Last month, Dame Sarah Gilbert, the lead scientist behind the Oxford vaccine, said: “We normally see that viruses become less virulent as they circulate more easily and there is no reason to think we will have a more virulent version of Sars-CoV-2.” She added that there was a limit to which Covid-19 could mutate without losing its ability to spread – so “there aren’t many places for the virus to go”.
But Dr Ed Pooley, a Nottingham-based GP, says it's too early to say. “The reason I think it's too early to say is that for something to become endemic, it has to be generally of one specific type,” he explains. “If you have multiple variations of things it becomes harder to be endemic, and whilst there are still areas of the world that have relatively low vaccine uptake, you risk something called vaccine escape, where you get more severe forms of COVID or more variant forms. And so the more variants that you have, the reduced risk you have of something becoming endemic and more becoming, those sort of surges we see with, for instance, the Delta variant.”
The journal Nature recently found that 89 per cent of epidemiologists it surveyed think Covid will become endemic, meaning it will circulate constantly, probably for the rest of our lives. Yet it is still unclear what endemic Covid will look like exactly.
Should you get a Covid test for a cold?
Even if you're double-jabbed, it’s important to take a Covid test – especially if you’re in a role where you’re regularly exposed to lots of people.
For many people, loss of taste and smell is one of the defining symptoms of the illness. According to Professor Tim Spector, head of the ZOE Covid Symptom Study, anosmia is 10 times better than any other symptom at predicting Covid infection. If you have this symptom and are continuing to test negative, it might be worth taking a more accurate test such as a PCR.
Lateral flow tests have a five per cent false-negative rate in symptomatic people. In asymptomatic people, that figure is said to be roughly 40 per cent, according to an analysis in the British Medical Journal. Timing of the test could also play a part: last year, researchers from University College London found the accuracy of PCR tests dropped from 89 per cent to 54 per cent when patients waited longer than four days after the onset of symptoms to get tested. This is probably down to your viral load; it's easier to detect at high levels, which typically occur at the beginning of the infection.
How can I avoid catching it and how is it treated?

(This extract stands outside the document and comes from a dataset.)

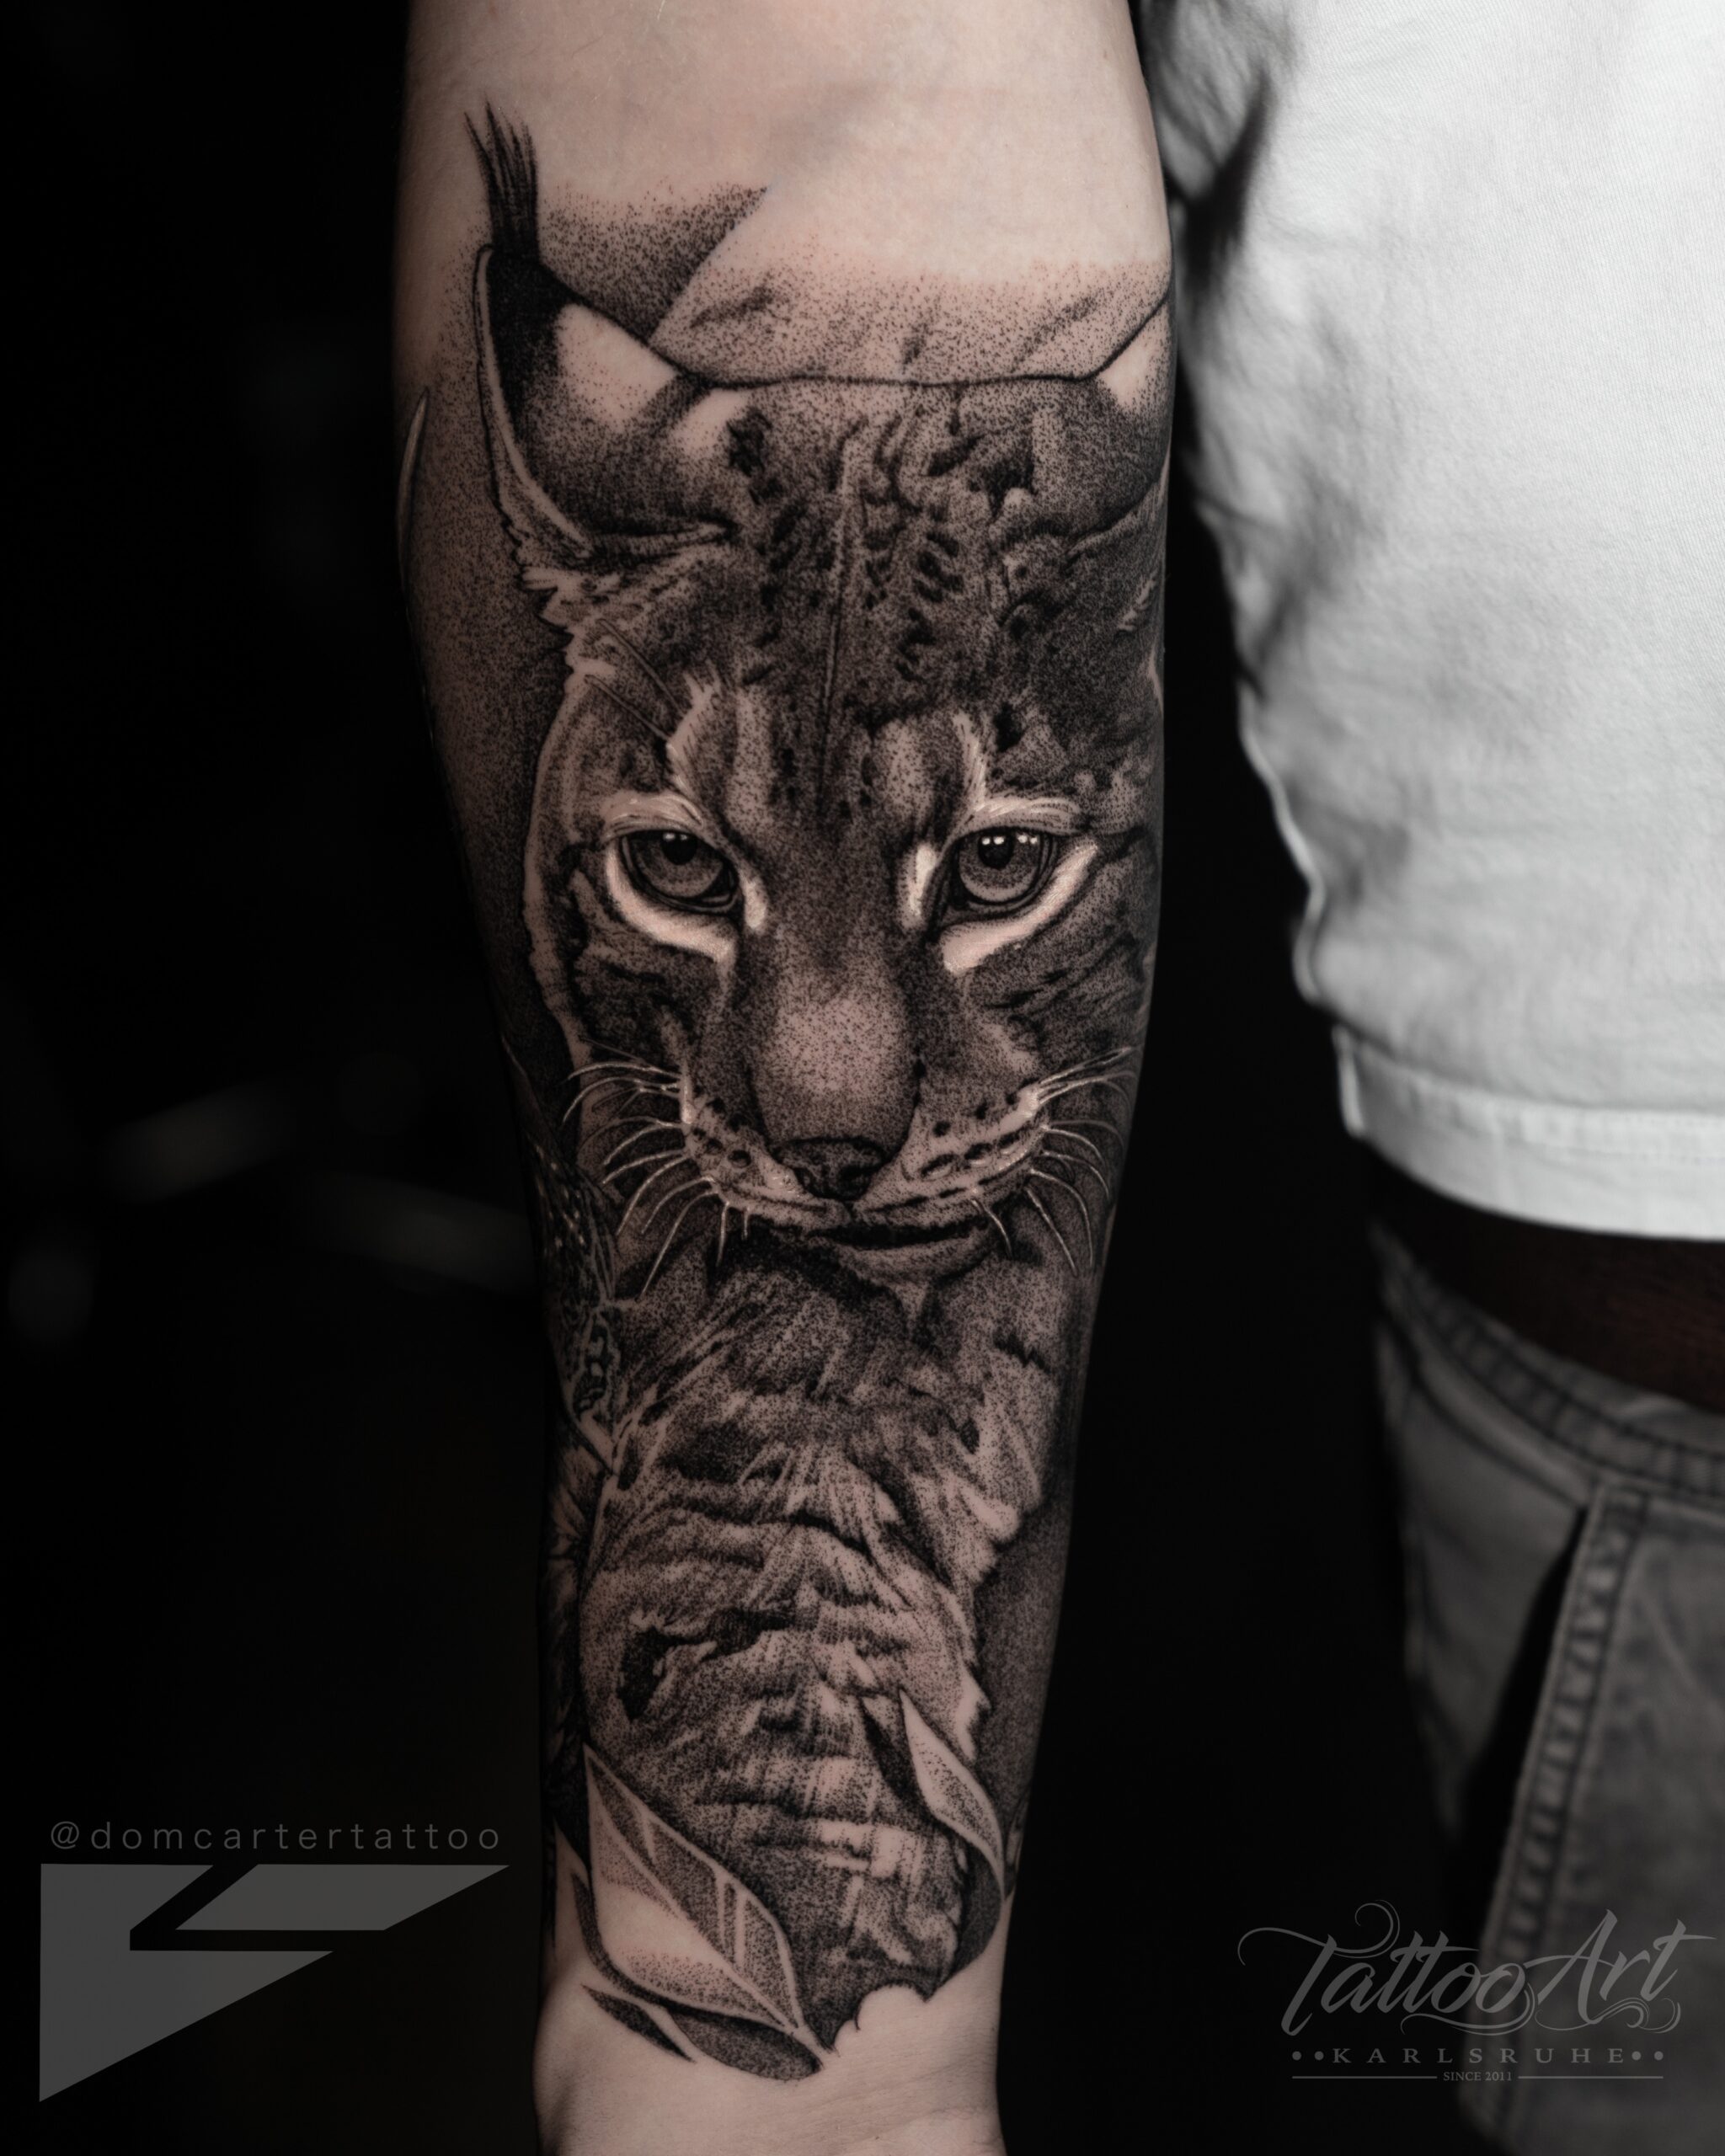 Tattoo Art (16)

Aside from another lockdown, there isn’t much we can do to avoid catching the super cold. If you are unlucky enough to get ill, most cases can be treated with a combination of painkillers and rest. You can take paracetamol to ease the muscle pain, sore throat and headache, while a hot drink helps to alleviate the cough. Prof Eccles also recommends using a nasal decongestant spray to clear your nose so you can get a better night’s sleep.
Will the flu jab stop me from catching it?
Although it's a good idea to get the flu vaccine, it probably won't help with a cold. “The flu jab is inactivated flu virus particles that will reduce the infection risk with the flu virus," explains Dr Pooley. “Flu virus is different to most cold viruses; there may be a little bit of crossover, but I suspect it probably won't help.”